Growing up we usually create an image of who our dream guy is. It's typically based on a movie you saw, someone you had a crush on at school, or maybe someone older who you really looked up too. My best friend and I created a list of attributes our future man had to have when we were freshmen in high school. Some of these characteristics were blue eyes, taller than 6 feet, super athletic, outgoing but not too outgoing, friendly but not a flirt, and Jesus loving. Looking back these qualities are a decent representation on what I was looking for in a guy but most were very outwardly oriented.
Finding someone to do life with is not an easy task, but to only take into account the physical attributes you're looking for is foolish. Not only will the relationship be shaky but our physical appearance changes so much over time just looking at that aspect will not work the way you want it too. So I want to help you gals out with some common misconceptions about the elusive MR. RIGHT.
1. He isn't waiting outside your window.
Sorry to break it to you fairy-tale lovers, but unfortunately your dream guy is out doing his own thing, trying to figure out his own life and he probably has no idea who you are. The movies do a great job portraying love as magical. While some people have magical stories, it usually involves getting out there and creating friendships first!
2. He isn't perfect
Contrary to popular belief, your special someone is not by any means perfect. We are all human and we all have flaws so if you're looking for someone who is "perfect," Jesus might be the only person you find. I must say this though, when you find your person, their flaws and imperfections will not steer you away from them. In my past relationships, after the first initial heart eyes stage I recognized some flaws the other person had. What drove me to break up with them was that I wasn't ready to handle their flaws.

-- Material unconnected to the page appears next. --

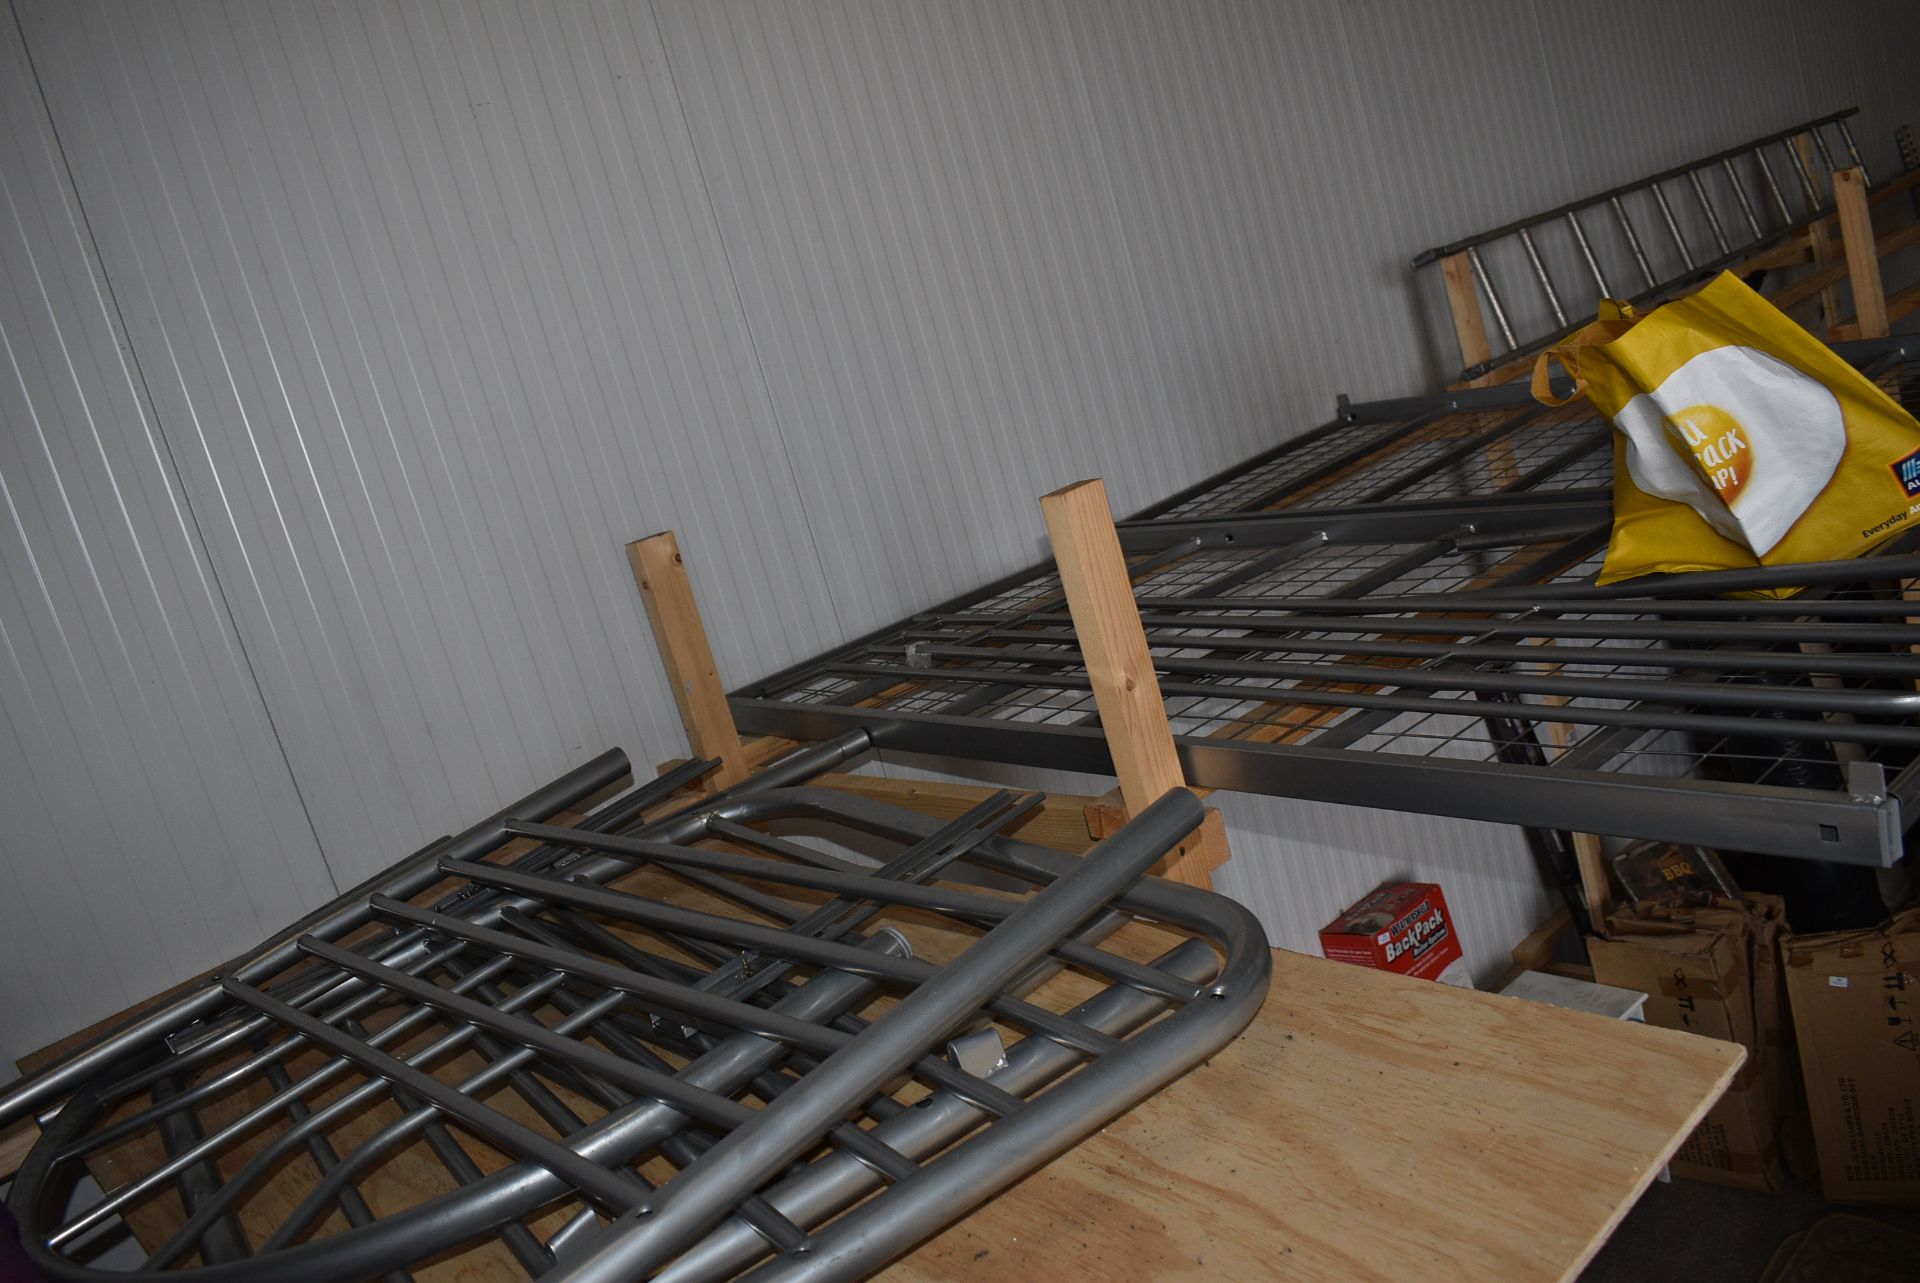 Disassembled Bunkbed - Image 2 of 4

When I met my husband, his flaws were also things I loved about him. To me they were beautiful, and set him apart from anyone else I had ever met.
3. He might not be anything like the guy you dreamed about as a teenager.
You might be surprised who sparks your fancy! You could have dreamed about falling for a guy like Zac Efron but the one you actually fall for is more like Will Pharrel! Is that bad though? Definitely not! Finding the person you want to spend the rest of your life with is about more than just physical appearance. Sure, you do need to be physically attracted to them but to be completely honest, if you love their personality and quirks, they become even more physically attractive to you. Plus, if you are seriously wanting to find your soulmate, liking who they are as a person is a WAY higher priority.
Guys seem like mysterious creatures to some women, but according to my husband "you just have to go out there and tell them you like them." Most men are clueless if you have a crush on them, and sometimes they have a crush on you too. However, they might be just as scared to tell you as you are to tell them. Funny how that works... :)
Don't be afraid to pursue someone who is different than your usual preference. They might just be your Prince Charming.